▶ Raw data:
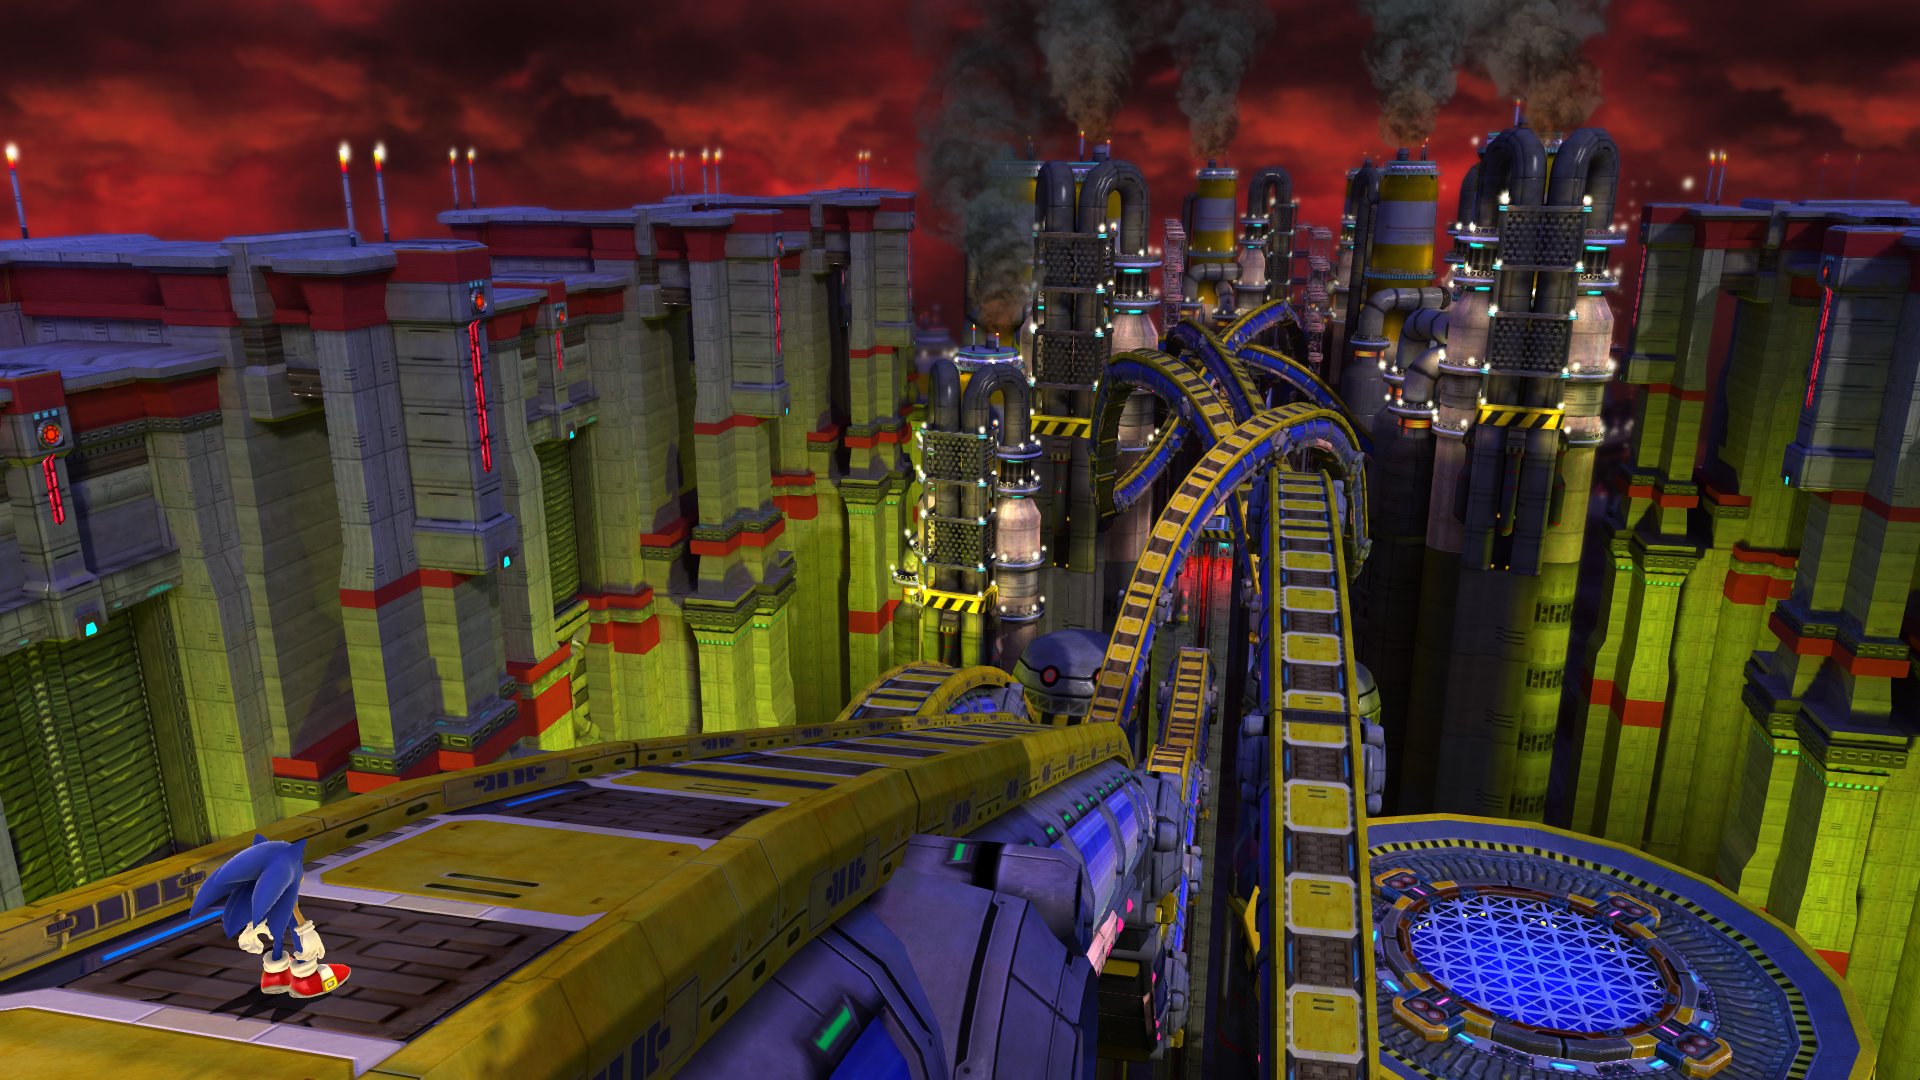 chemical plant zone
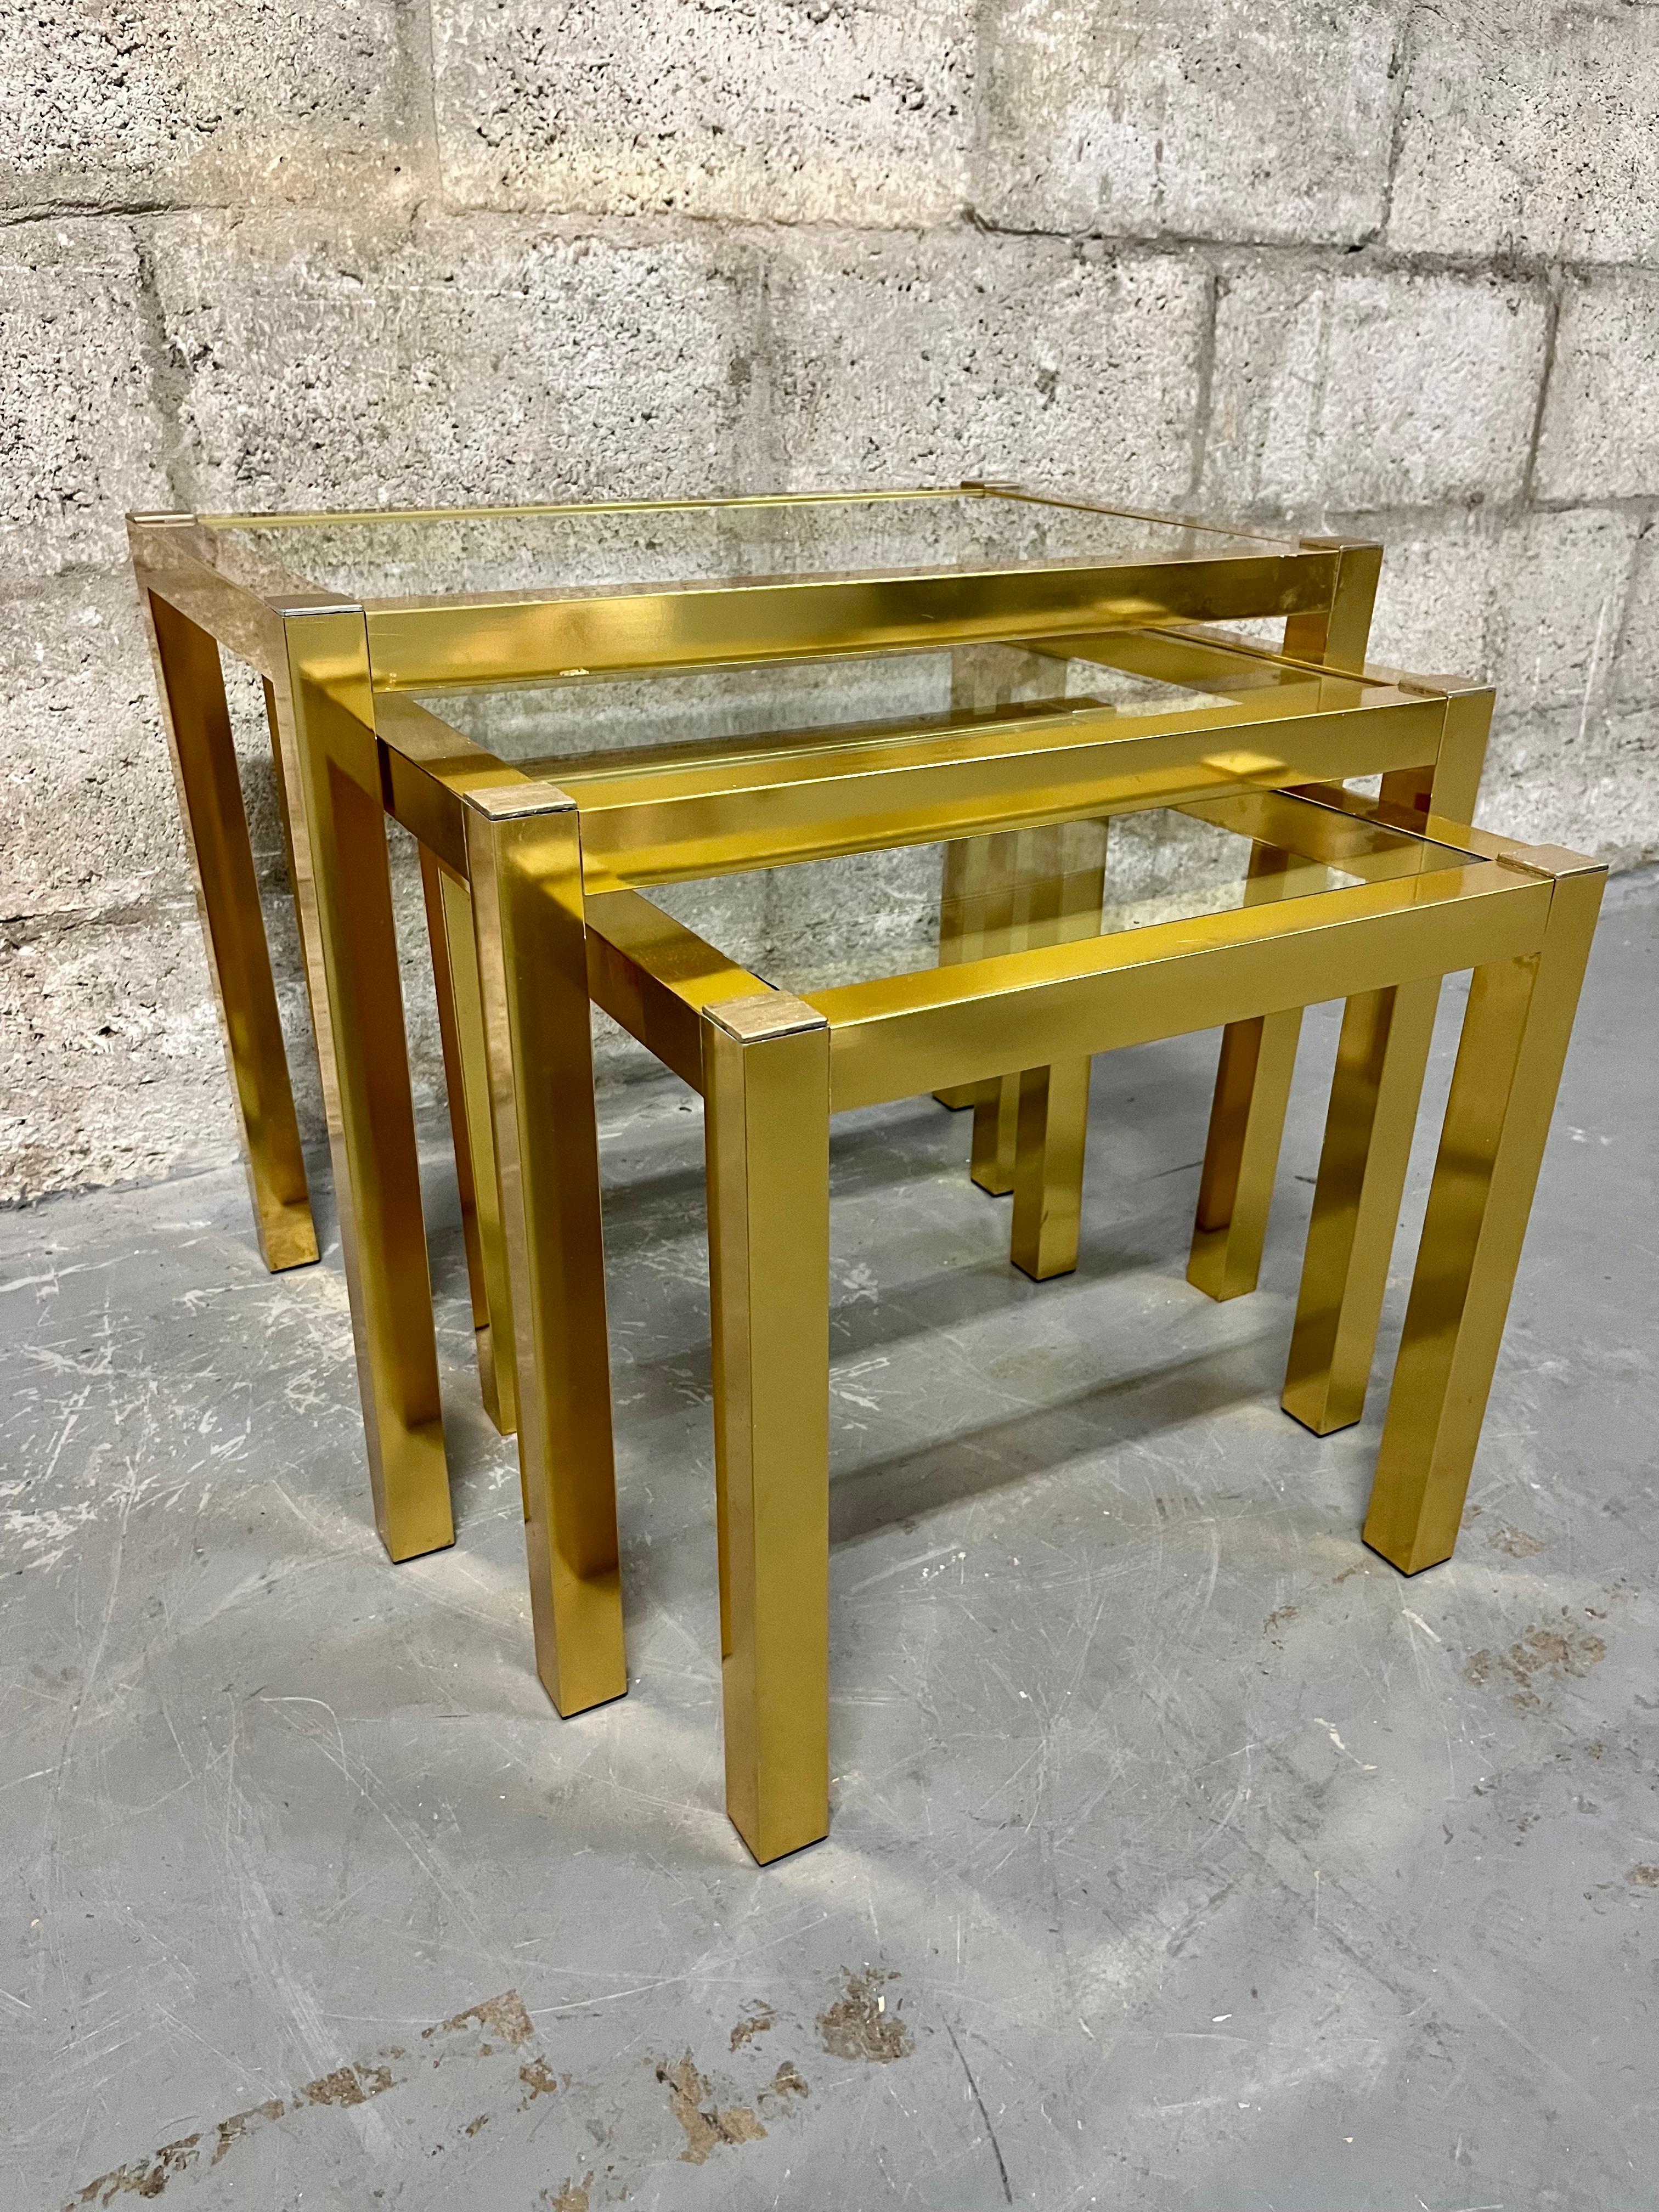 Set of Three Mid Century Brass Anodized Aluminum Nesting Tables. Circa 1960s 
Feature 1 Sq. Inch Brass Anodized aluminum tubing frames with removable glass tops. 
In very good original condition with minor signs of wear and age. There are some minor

▶ What the task asks:
The lines above that hold the string "with" are to be located and copied.

▶ Task answer:
Feature 1 Sq. Inch Brass Anodized aluminum tubing frames with removable glass tops. 
In very good original condition with minor signs of wear and age. There are some minor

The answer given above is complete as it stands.